Kekudusan Gereja dibicarakan panjang lebar oleh Konsili Vatikan II dalam bab V konstitusi Lumen Gentium. Bab yang berjudul “Panggilan umum untuk kesucian dalam Gereja” mulai dengan “Kita mengimani bahwa Gereja tidak dapat kehilangan kesuciannya. Sebab Kristus, Putra Allah, yang bersama dengan Bapa dan Roh dipuji bahwa ‘hanya Dialah kudus’, mengasihi Gereja sebagai mempelai-Nya” (LG 39). Gereja itu kudus, karena Kristus membuatnya kudus.

Kekudusan itu juga “terungkapkan dengan aneka cara pada masing-masing orang”. Kekudusan Gereja bukanlah suatu sifat yang seragam, yang sama bentuknya untuk semua, melainkan semua mengambil bagian dalam satu kesucian Gereja, yang berasal dari Kristus, yang mengikutsertakan Gereja dalam gerakan-Nya kepada Bapa oleh Roh Kudus. Pada taraf misteri ilahi Gereja sudah suci: “Di dunia ini Gereja sudah ditandai oleh kesucian yang sesungguhnya, meskipun tidak sempurna” (LG 48). Ketidaksempurnaan ini menyangkut pelaksanaan insani, sama seperti kesatuannya.

Dalam hal kesucian pun yang pokok bukanlah bentuk pelaksanaannya, melainkan sikap dasarnya. “Suci” sebetulnya berarti “yang dikhususkan bagi Tuhan“. Jadi, pertama-tama “suci” menyangkut seluruh bidang sakral atau keagamaan. Yang suci bukan hanya tempat, waktu, barang yang dikhususkan bagi Tuhan, atau orang. Malahan sebenarnya harus dikatakan bahwa “yang Kudus” adalah Tuhan sendiri (lih. mis. 2Raj 19:22; Yes 1:4; 5:19.24; 10:17.20; 12:6; Yeh 38:23; dst.). Semua yang lain, barang maupun orang, disebut “kudus”‘ karena termasuk lingkup kehidupan Tuhan (lih. mis. Kel 19:23; 2Taw 3:8; Yeh 44:19).

“Kudus” bukan pertama-tama kategori moral yang menyangkut kelakuan manusia, melainkan kategori teologal (ilahi), yang menentukan hubungan dengan Allah. Ini tidak berarti bahwa kelakuan moral tidak penting. Apa yang dikhususkan bagi Tuhan, harus “sempurna” (kata Ibrani tamim sebetulnya berarti “utuh”; lih. Kel 12:5; Im 1:3; 3:5; juga Rm 6:19.22; 12:1; dst.), dan kesempurnaan manusia tentu terdapat dalam taraf moral kehidupannya. Maka tidak mengherankan Tuhan bersabda, “Hendaklah kamu kudus, sebab kuduslah Aku, Yahwe, Allahmu” (Im 19:2; lih. 11:44.45; 20:7.26; 21:8). Yesus juga berkata, “Hendaklah kamu sempurna sebagaimana Bapamu di surga sempurna adanya” (Mat 5:48). Ini tentu merupakan tuntutan yang mengatasi kemampuan manusia.

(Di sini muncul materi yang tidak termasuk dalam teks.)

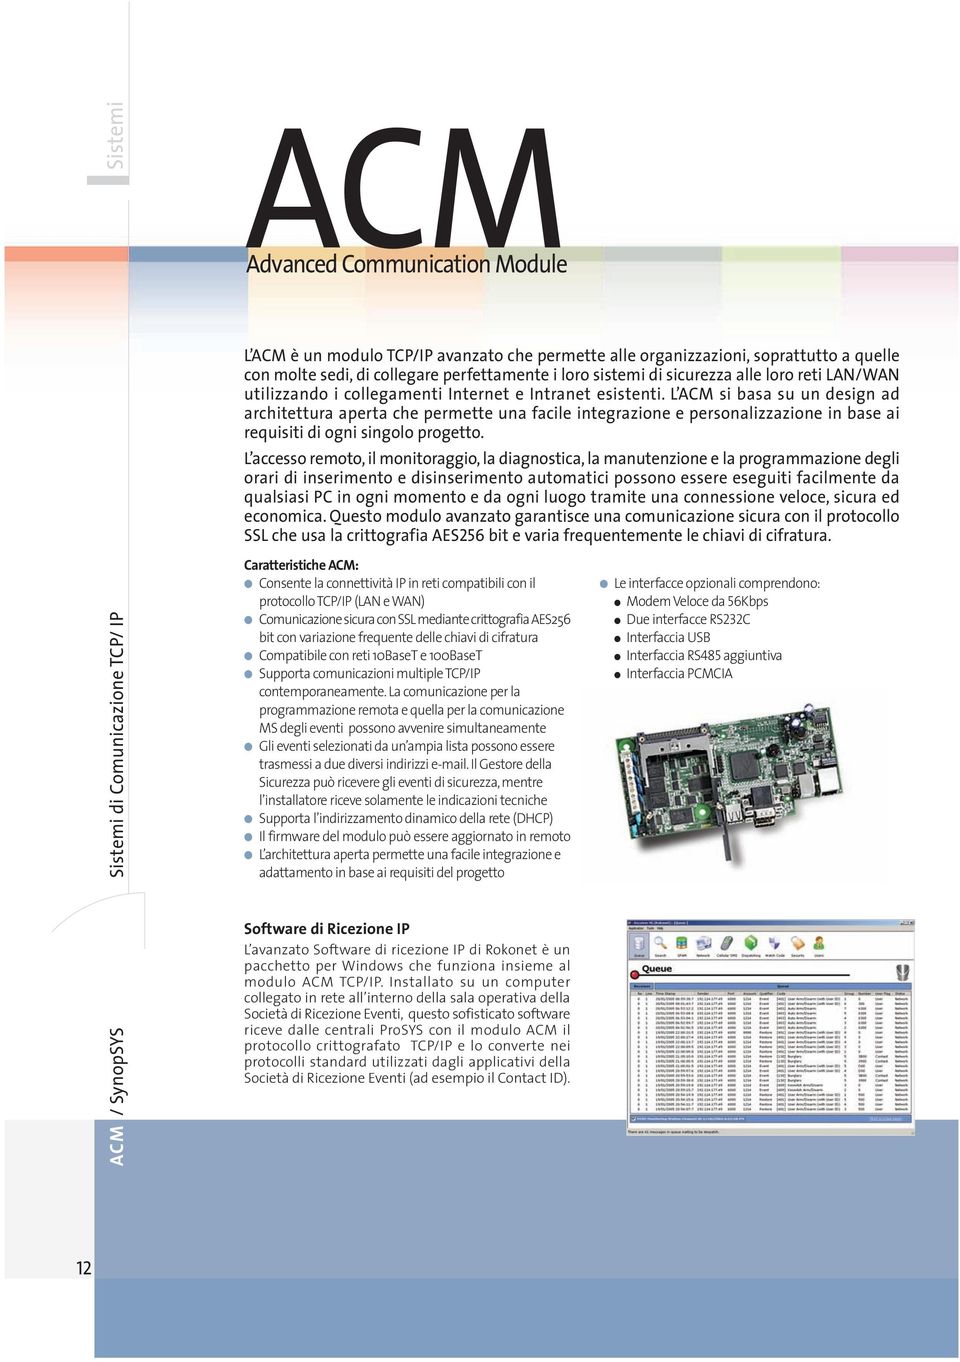 L ACM si basa su un design ad architettura aperta che permette una facile integrazione e personalizzazione in base ai requisiti di ogni singolo progetto.
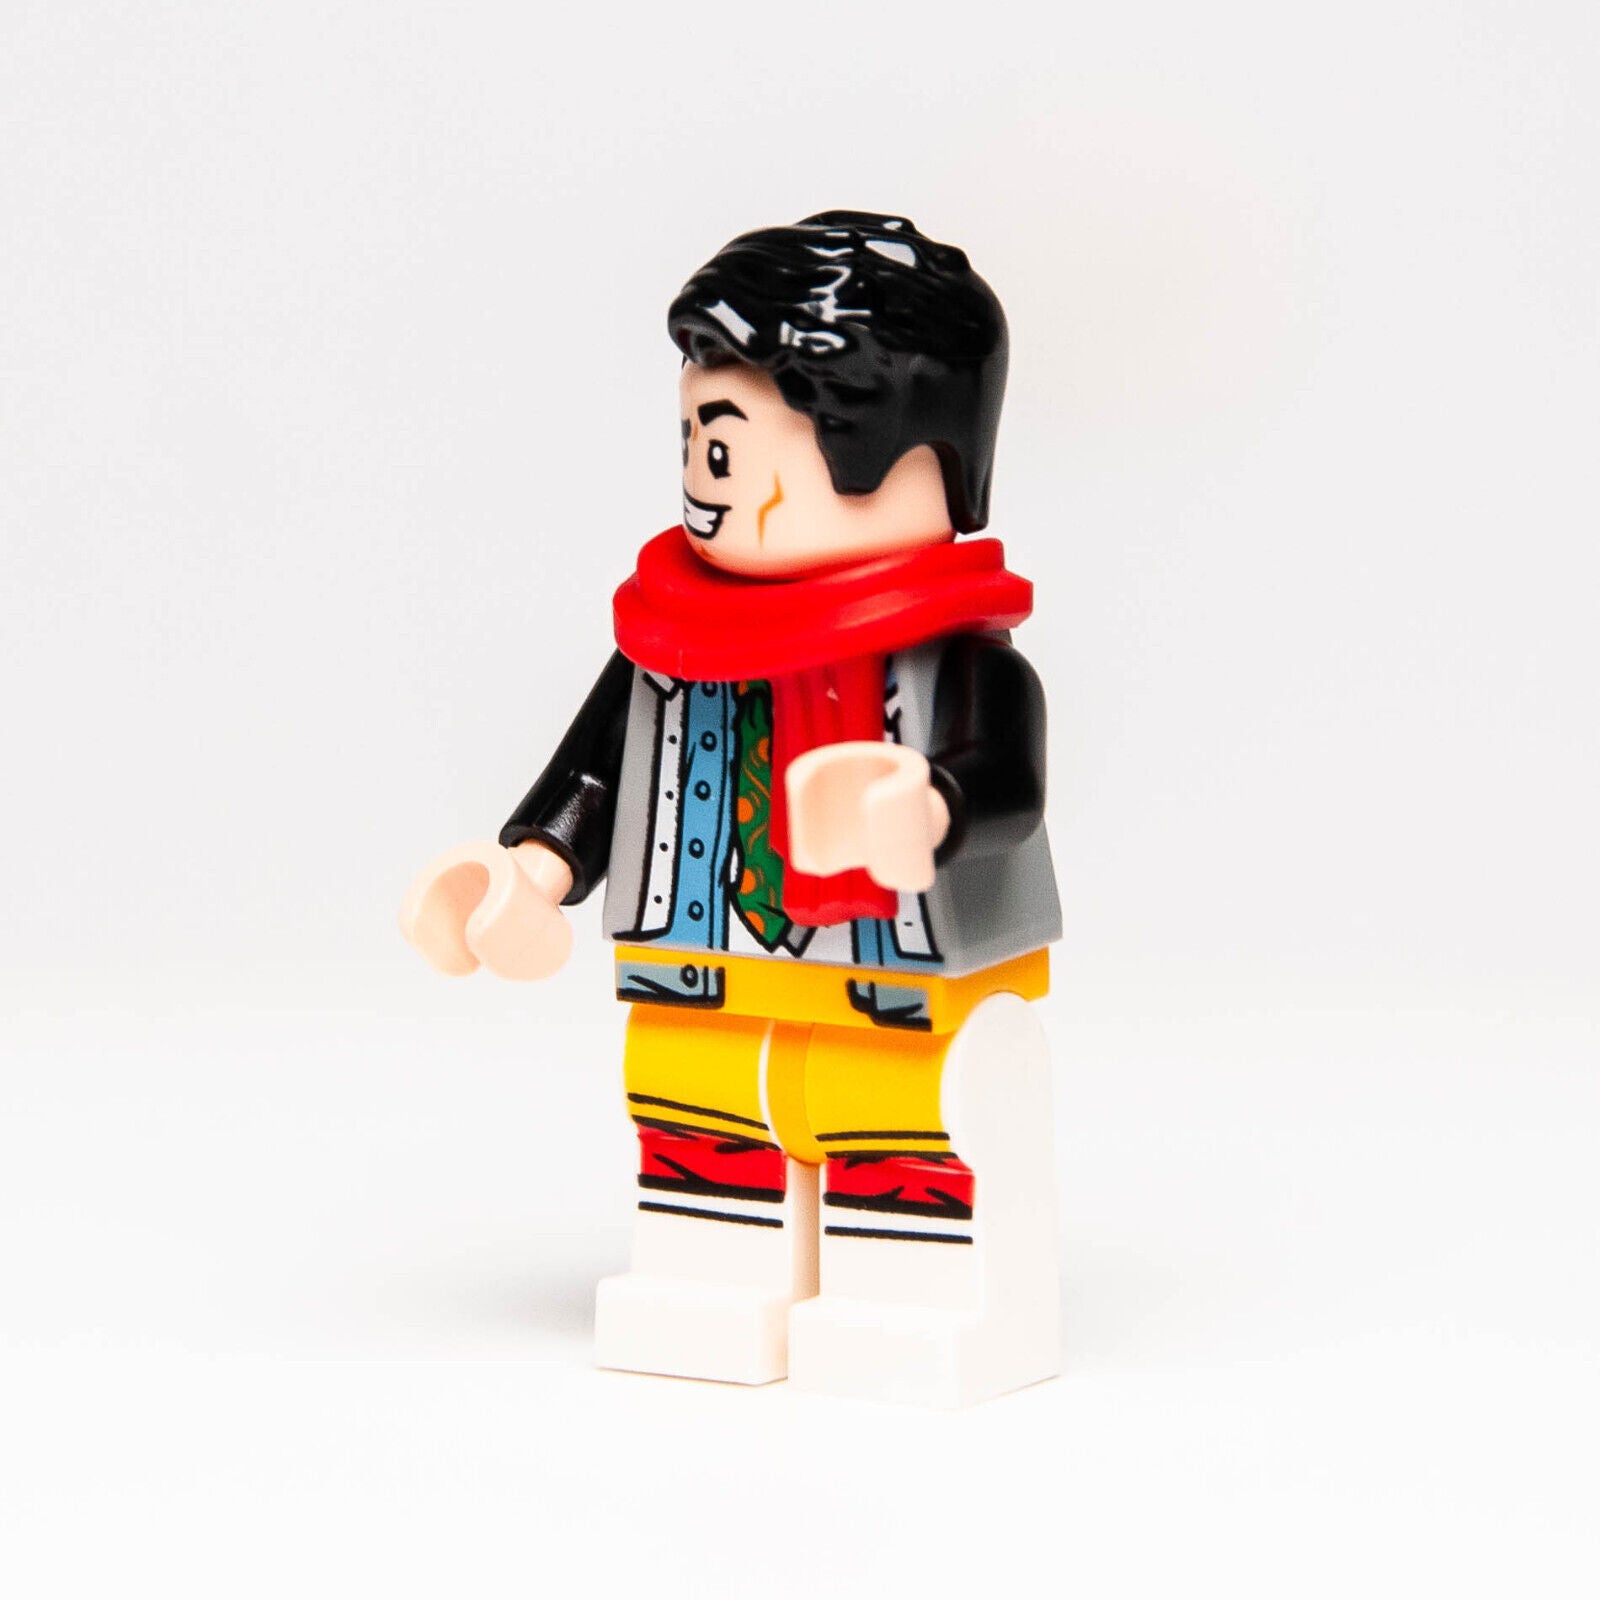 NEW Lego TV Series Friends Minifigure - Joe Tribbiani Red Scarf 10292 (ftv003)

Perjanjian Baru melihat proses pengudusan manusia sebagai “pengudusan oleh Roh” (1Ptr 1:2; lih. 2Tes 2:13), “dikuduskan karena terpanggil” (Rm 1:7). Secara simbolis dikatakan: “kamu telah memperoleh urapan dari Yang kudus” (1Yoh 2:20), yakni dari Roh Allah sendiri (bdk. Kis 10:38). Dari pihak manusia kesucian hanya berarti tanggapan atas karya Allah itu, terutama dengan sikap iman dan pengharapan (lih. 1Tim 2:15). Sikap itu dinyatakan dalam segala perbuatan dan kegiatan kehidupan yang serba biasa. Kesucian bukan soal bentuk kehidupan, melainkan sikap yang dinyatakan dalam hidup sehari-hari.

Oleh karena itu, Lumen Gentium menarik kesimpulan bahwa “Gereja itu suci, dan sekaligus harus selalu dibersihkan, serta terus-menerus menjalankan pertobatan dan pembaruan” (LG 8). Justru karena kedosaannya itu Gereja tidak terbedakan dari semua orang lain, kendatipun “dikuduskan bagi Tuhan”: “Persekutuan Gereja mengalami diri sungguh erat berhubungan dengan umat manusia serta sejarahnya” (GS 1). Kesucian Gereja adalah kesucian perjuangan, terus-menerus.